Edit: For reference, this was what was being spamed in the system log every 10 seconds:
Code:
1/13/11 11:09:31 PM com.apple.launchd[1] (com.apple.batteryd[1114]) Exited with exit code: 1
1/13/11 11:09:31 PM com.apple.launchd[1] (com.apple.batteryd) Throttling respawn: Will start in 10 seconds
1/13/11 11:09:41 PM com.apple.launchd[1] (com.apple.batteryd[1115]) posix_spawn("/usr/local/libexec/batteryd", ...): No such file or directory

So I went into Terminal and typed ' sudo rm "/System/Library/LaunchDaemons/com.apple.batteryd.plist" ' and everything is as it should be, but I just noticed Apple released a update that's meant to fix this. - http://support.apple.com/kb/DL1354 (Which is weird because the update is for 10.6.5 and I was having trouble with 10.6.6).

After going through the update files I noticed Apple's method of removing the file was much more complex.

Apple's Method for removing com.apple.batteryd.plist:
Code:
#!/bin/sh

if [ -e "$3/System/Library/LaunchDaemons/com.apple.batteryd.plist" ]; then
	sudo launchctl unload "$3/System/Library/LaunchDaemons/com.apple.batteryd.plist"
	rm -rf "$3/System/Library/LaunchDaemons/com.apple.batteryd.plist"
fi

Could just deleting the plist like I did cause any harm?
 
Last edited:

lucashungaro

macrumors member
Nov 20, 2010
79
0
São Paulo, Brazil
Actually, what these lines are doing is: checking if the file exists, unloading it from the system (stoping the process) and, then, removing it.

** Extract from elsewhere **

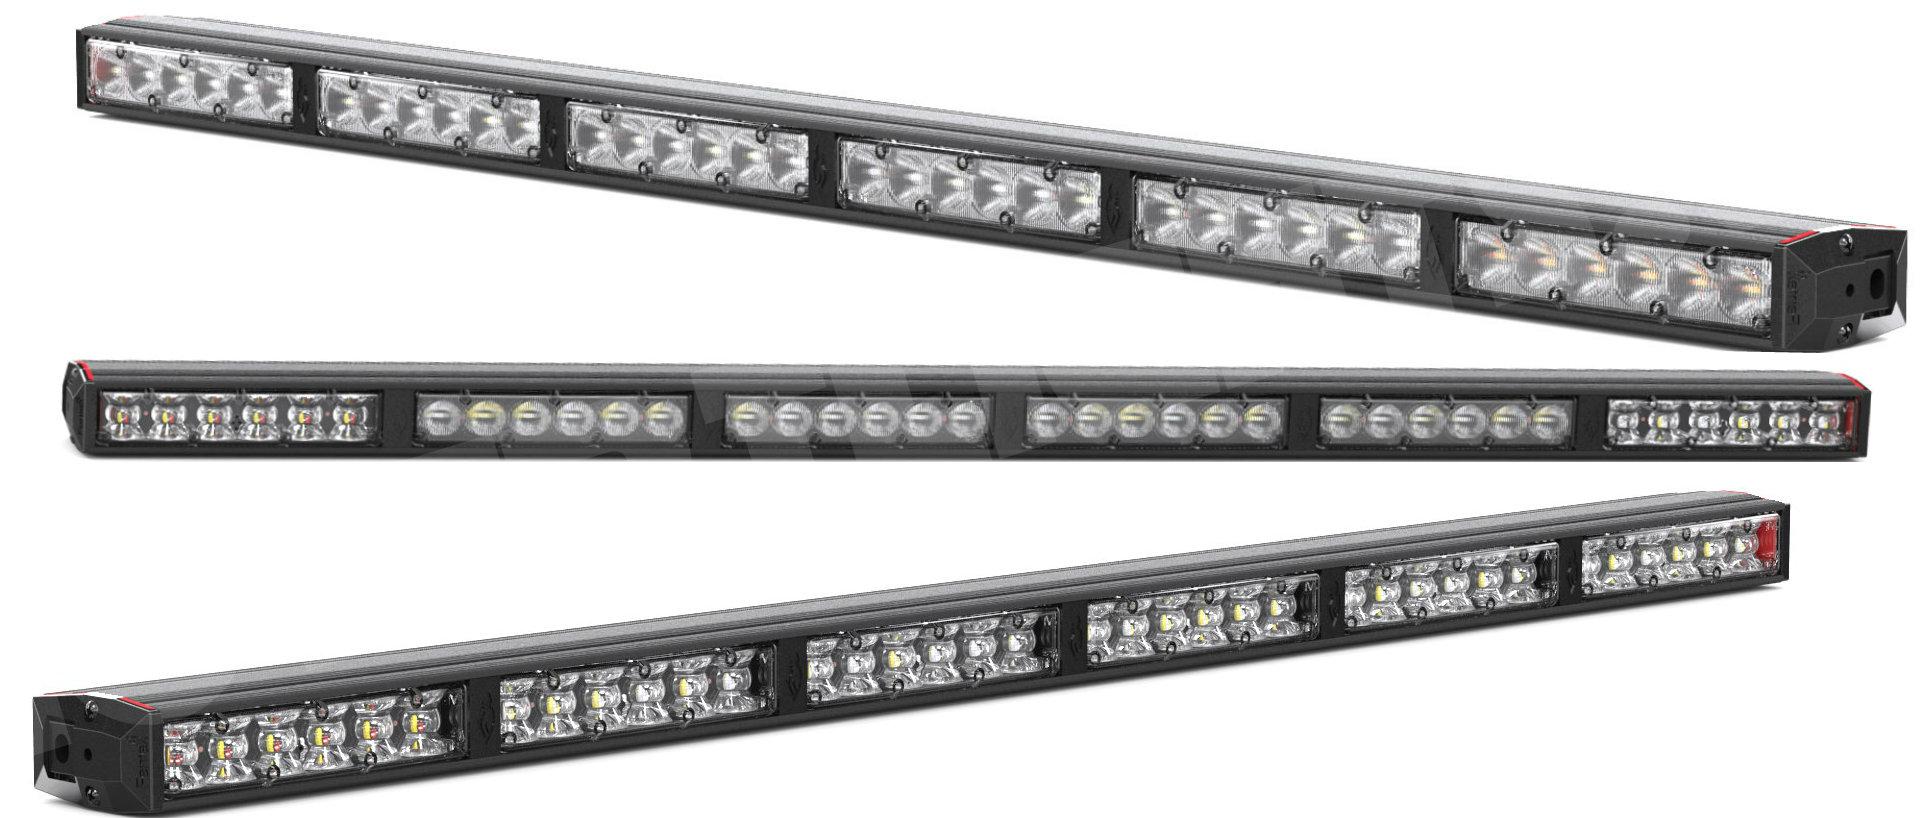 feniex-fusion-600-lightstick-40-180-40180.jpg

If you managed to remove it without issues, it was not running (or the system would complaint) and all is fine.
 

BeyondtheTech

macrumors 68020
Jun 20, 2007
2,147
715
From what I can tell, Apple's script basically told launchd to stop trying to access the file, then delete the actual file.

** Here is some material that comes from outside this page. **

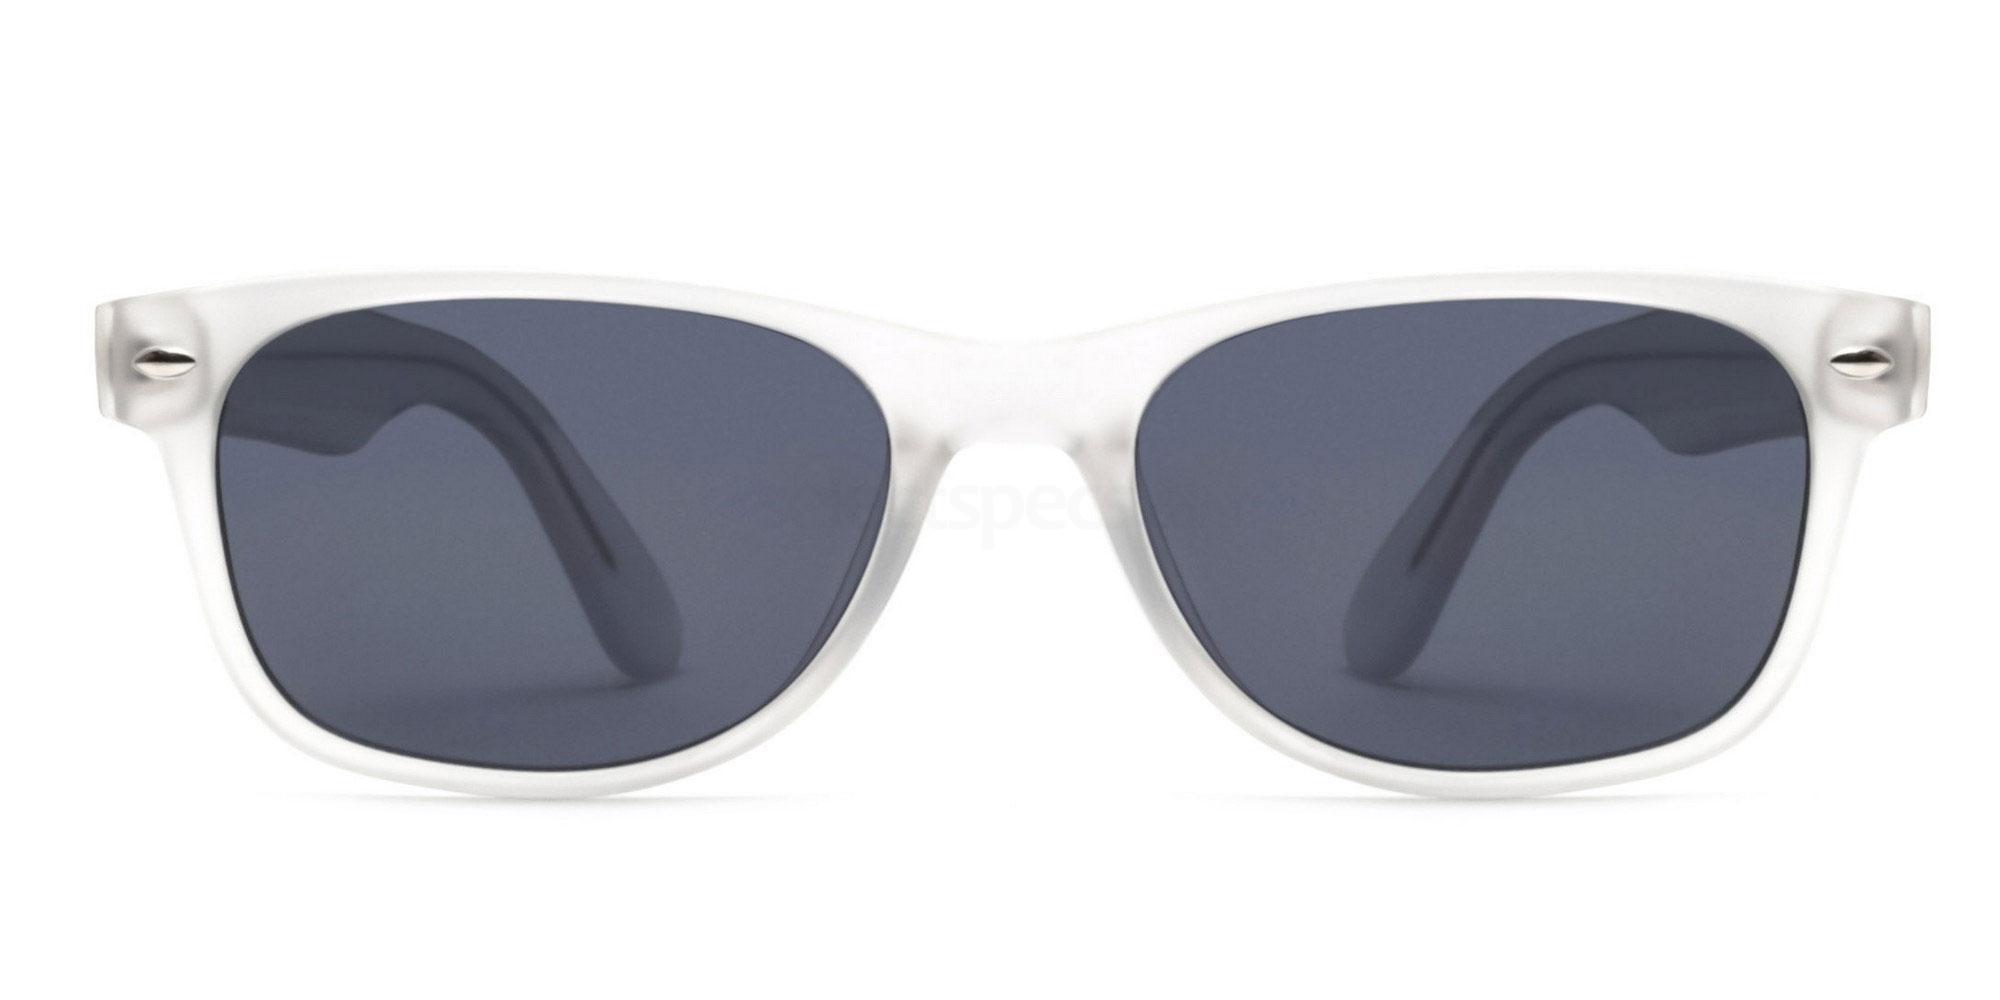 Clear S8122 - Clear (Sunglasses) Sunglasses, Savannah

What you did was just delete the file, but not stop launchd from trying to run it.

You should run the command as recommended.
 

Quad5Ny

macrumors 6502a
Original poster
Sep 13, 2009
984
22
New York, USA
Actually, what these lines are doing is: checking if the file exists, unloading it from the system (stoping the process) and, then, removing it. If you managed to remove it without issues, it was not running (or the system would complaint) and all is fine.
From what I can tell, Apple's script basically told launchd to stop trying to access the file, then delete the actual file.

Thanks guys.

I was mostly curious about 'launchctl unload' and the -r option for rm - The manual page says it 'Attempt's to remove the file hierarchy rooted in each file argument' - which confused me a bit. :p

What you did was just delete the file, but not stop launchd from trying to run it.

You should run the command as recommended.

Unfortunately the update wasn't out at the time and I did the best with the information I had (basically a few posts on Apple's Forums). I'll do the unload command when I get on my Air later today, but my log's have been clear of any errors relating to batteryd.